(Records provided Opens)
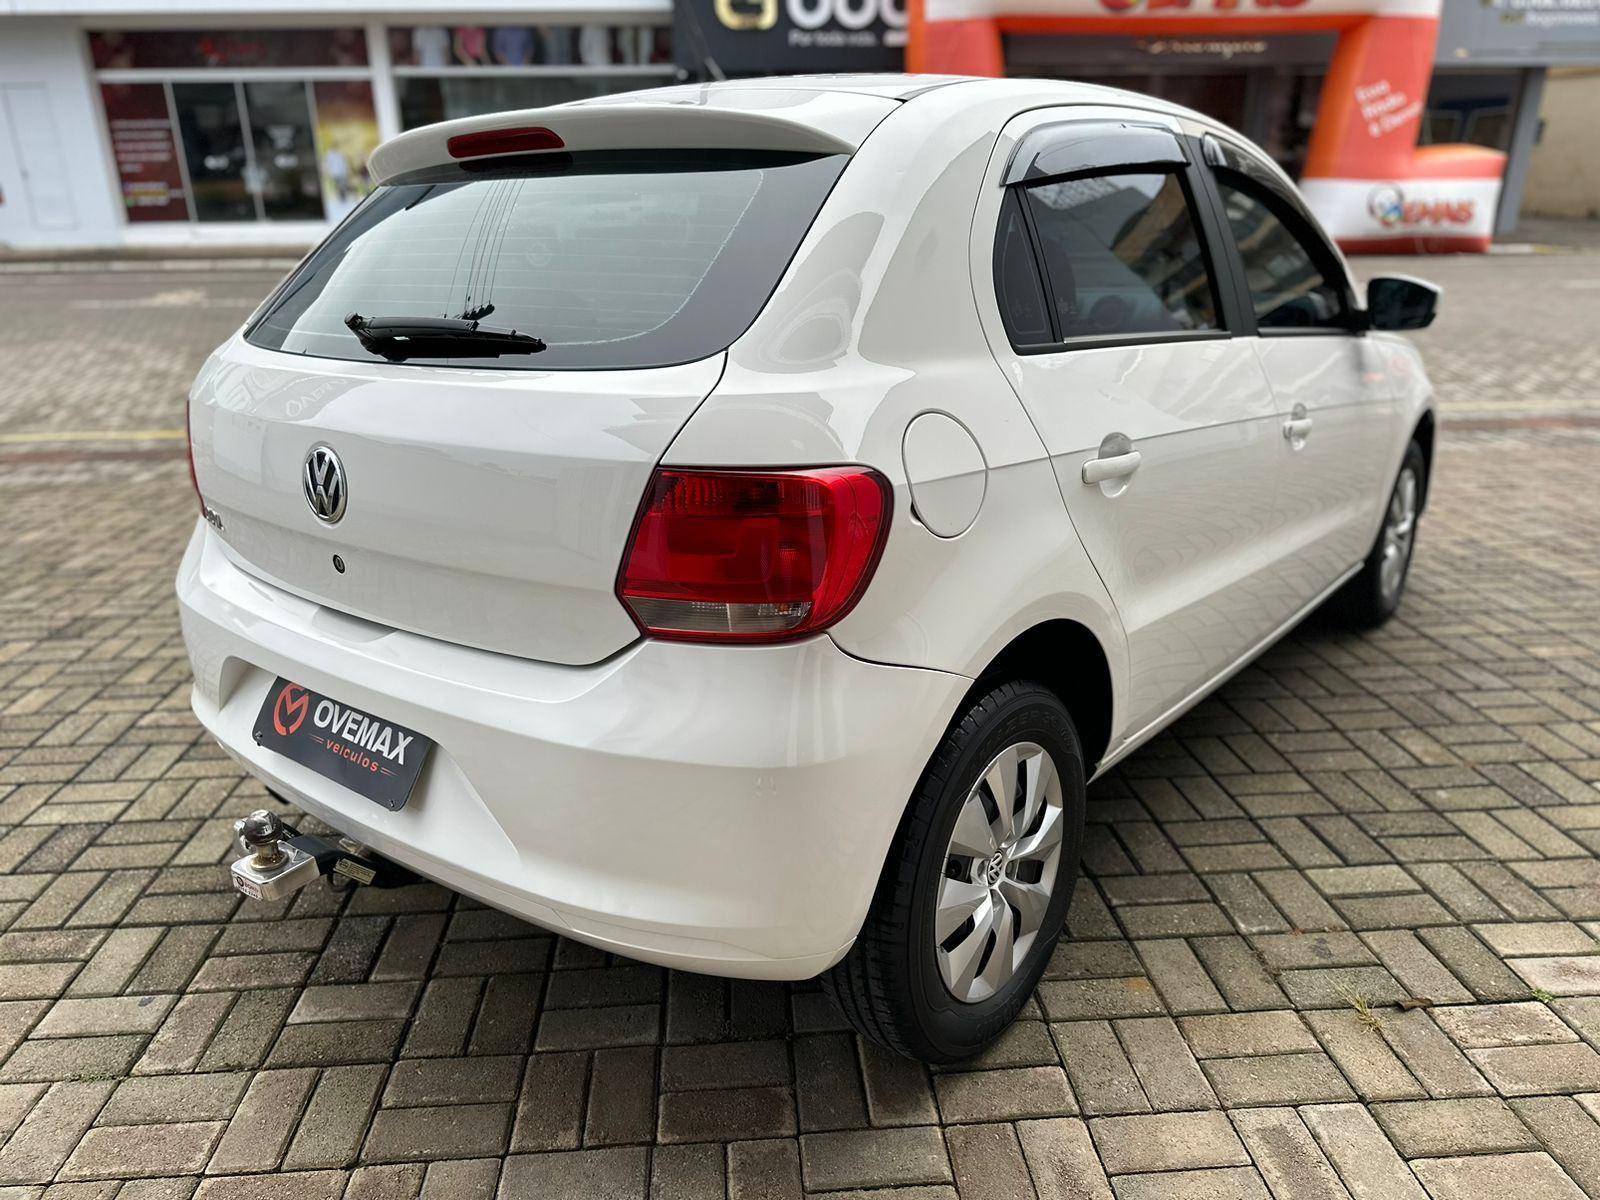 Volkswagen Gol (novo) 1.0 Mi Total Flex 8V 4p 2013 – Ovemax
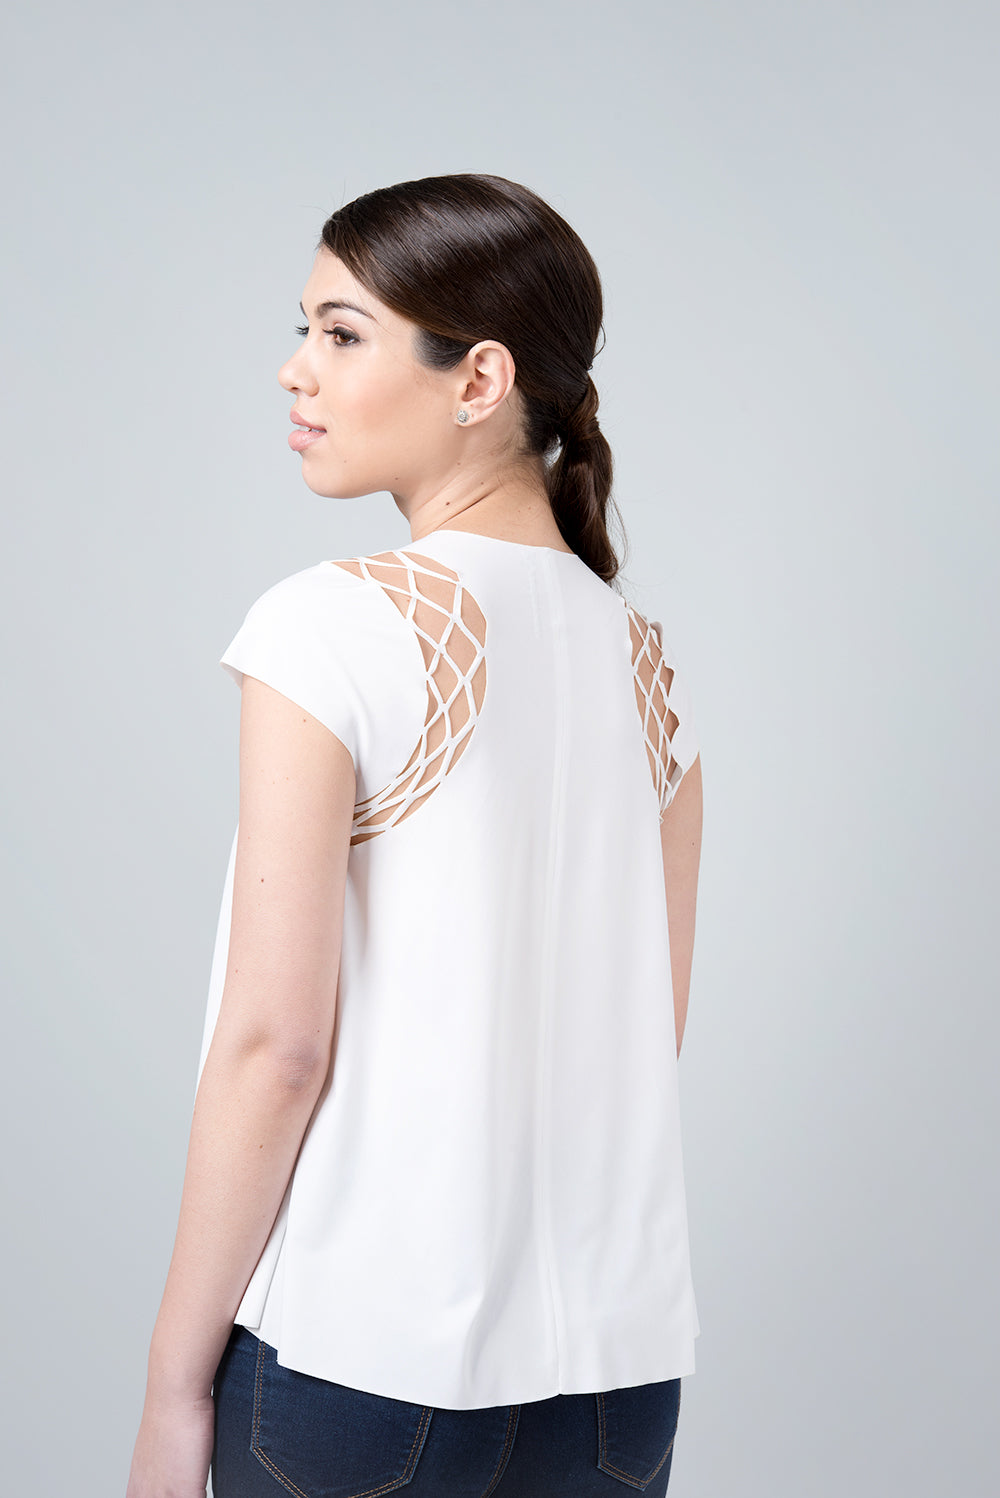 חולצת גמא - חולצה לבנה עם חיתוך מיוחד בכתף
(Records provided Closes)
(Records provided Opens)
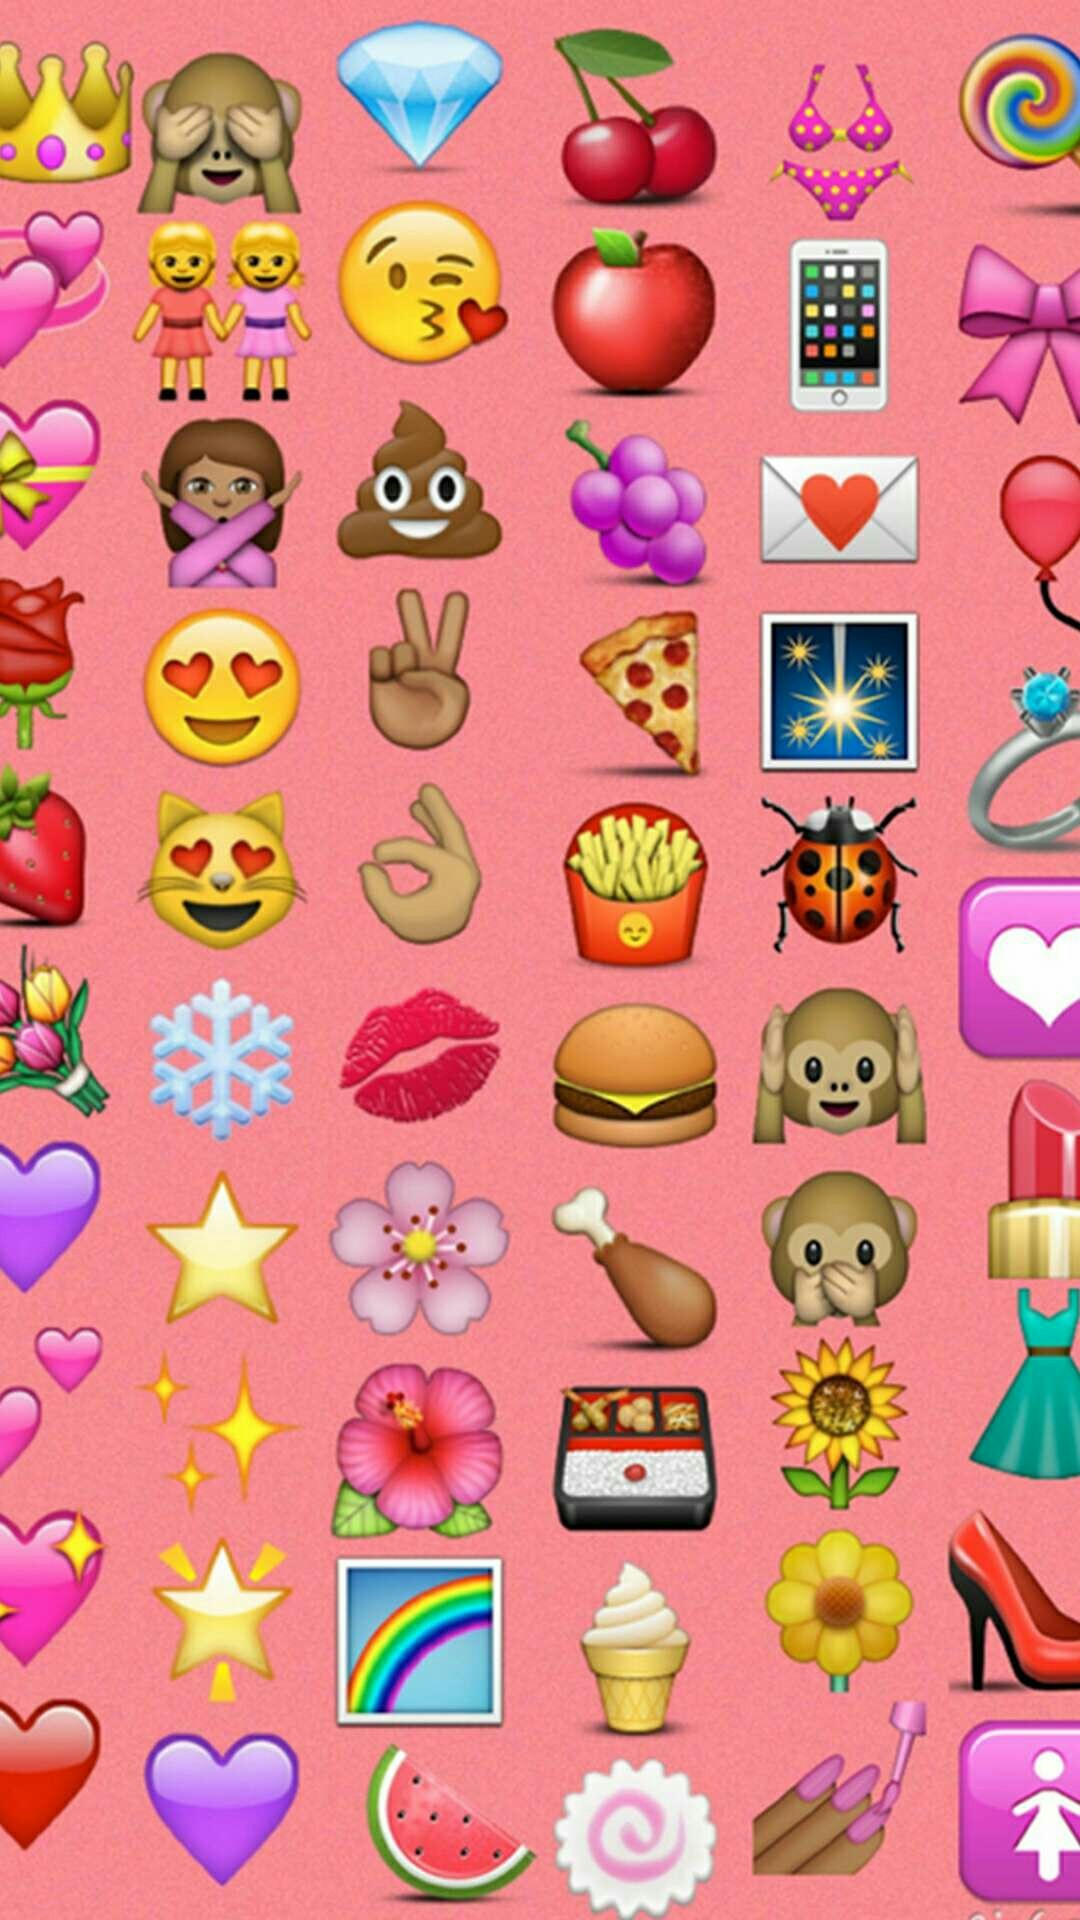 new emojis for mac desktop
(Records provided Closes)
(Records provided Opens)
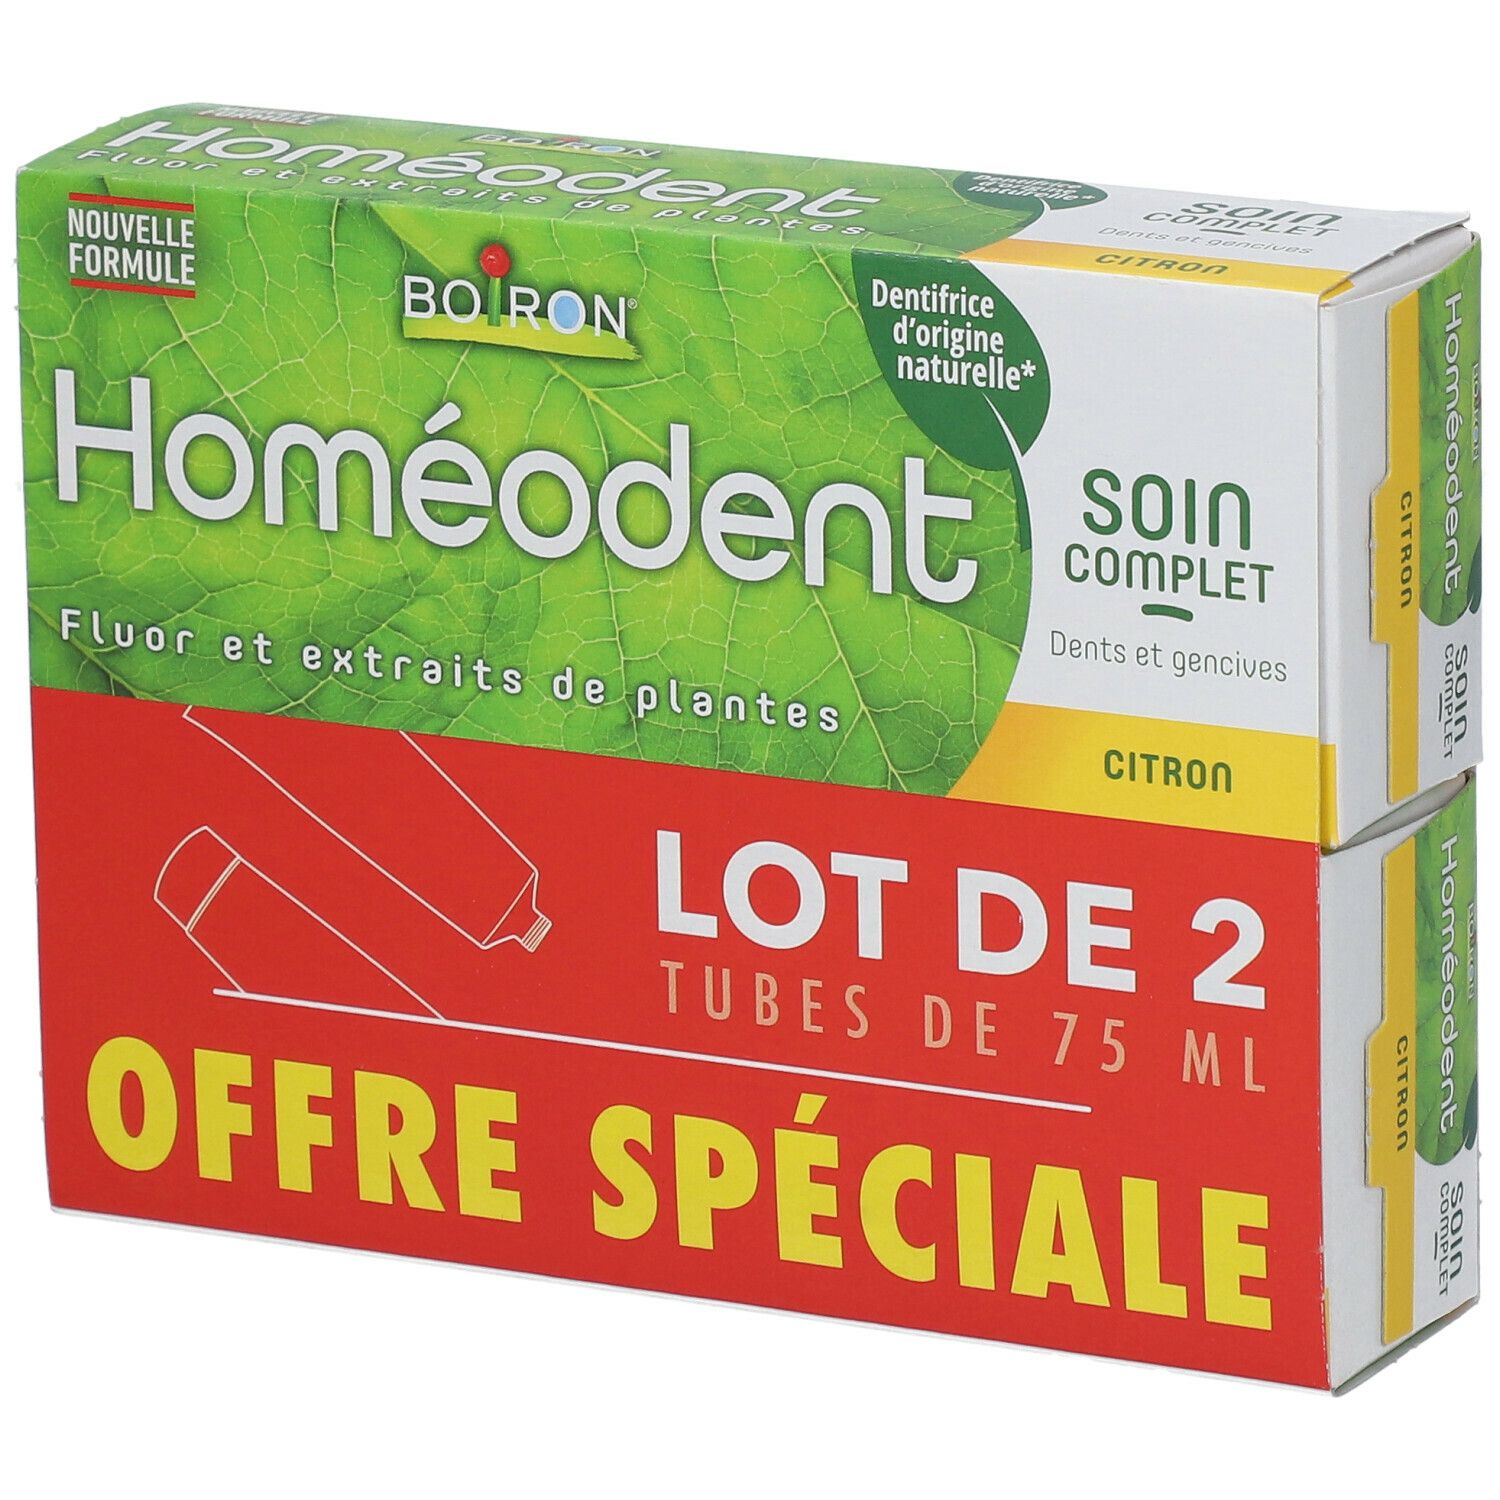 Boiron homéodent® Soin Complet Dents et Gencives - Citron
(Records provided Closes)
Beginning at the line above that contains "Volkswagen Gol (novo)" and going on through the line that contains "חולצת גמא - חולצה לבנה עם חיתוך מיוחד בכתף", please copy every line exactly, leaving the pictures out and adding nothing.

 Volkswagen Gol (novo) 1.0 Mi Total Flex 8V 4p 2013 – Ovemax
 חולצת גמא - חולצה לבנה עם חיתוך מיוחד בכתף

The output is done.